# ABOUT THIS TASK
Please restate the data word for word, leaving out no line.

=== SUPPLIED DATA ===

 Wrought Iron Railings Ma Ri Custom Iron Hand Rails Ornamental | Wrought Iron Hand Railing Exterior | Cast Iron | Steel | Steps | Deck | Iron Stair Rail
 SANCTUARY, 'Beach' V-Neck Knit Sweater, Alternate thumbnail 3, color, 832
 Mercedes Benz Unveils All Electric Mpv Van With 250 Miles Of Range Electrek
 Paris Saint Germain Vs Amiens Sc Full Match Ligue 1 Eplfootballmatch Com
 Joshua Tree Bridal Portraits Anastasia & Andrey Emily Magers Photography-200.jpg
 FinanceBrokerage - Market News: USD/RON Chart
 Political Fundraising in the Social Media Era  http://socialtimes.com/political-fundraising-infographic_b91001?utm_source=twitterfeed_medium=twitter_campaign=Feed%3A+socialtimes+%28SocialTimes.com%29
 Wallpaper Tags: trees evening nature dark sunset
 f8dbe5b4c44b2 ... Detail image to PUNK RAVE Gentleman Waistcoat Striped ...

===

# RESPONSE BELOW
 Wrought Iron Railings Ma Ri Custom Iron Hand Rails Ornamental | Wrought Iron Hand Railing Exterior | Cast Iron | Steel | Steps | Deck | Iron Stair Rail
 SANCTUARY, 'Beach' V-Neck Knit Sweater, Alternate thumbnail 3, color, 832
 Mercedes Benz Unveils All Electric Mpv Van With 250 Miles Of Range Electrek
 Paris Saint Germain Vs Amiens Sc Full Match Ligue 1 Eplfootballmatch Com
 Joshua Tree Bridal Portraits Anastasia & Andrey Emily Magers Photography-200.jpg
 FinanceBrokerage - Market News: USD/RON Chart
 Political Fundraising in the Social Media Era  http://socialtimes.com/political-fundraising-infographic_b91001?utm_source=twitterfeed_medium=twitter_campaign=Feed%3A+socialtimes+%28SocialTimes.com%29
 Wallpaper Tags: trees evening nature dark sunset
 f8dbe5b4c44b2 ... Detail image to PUNK RAVE Gentleman Waistcoat Striped ...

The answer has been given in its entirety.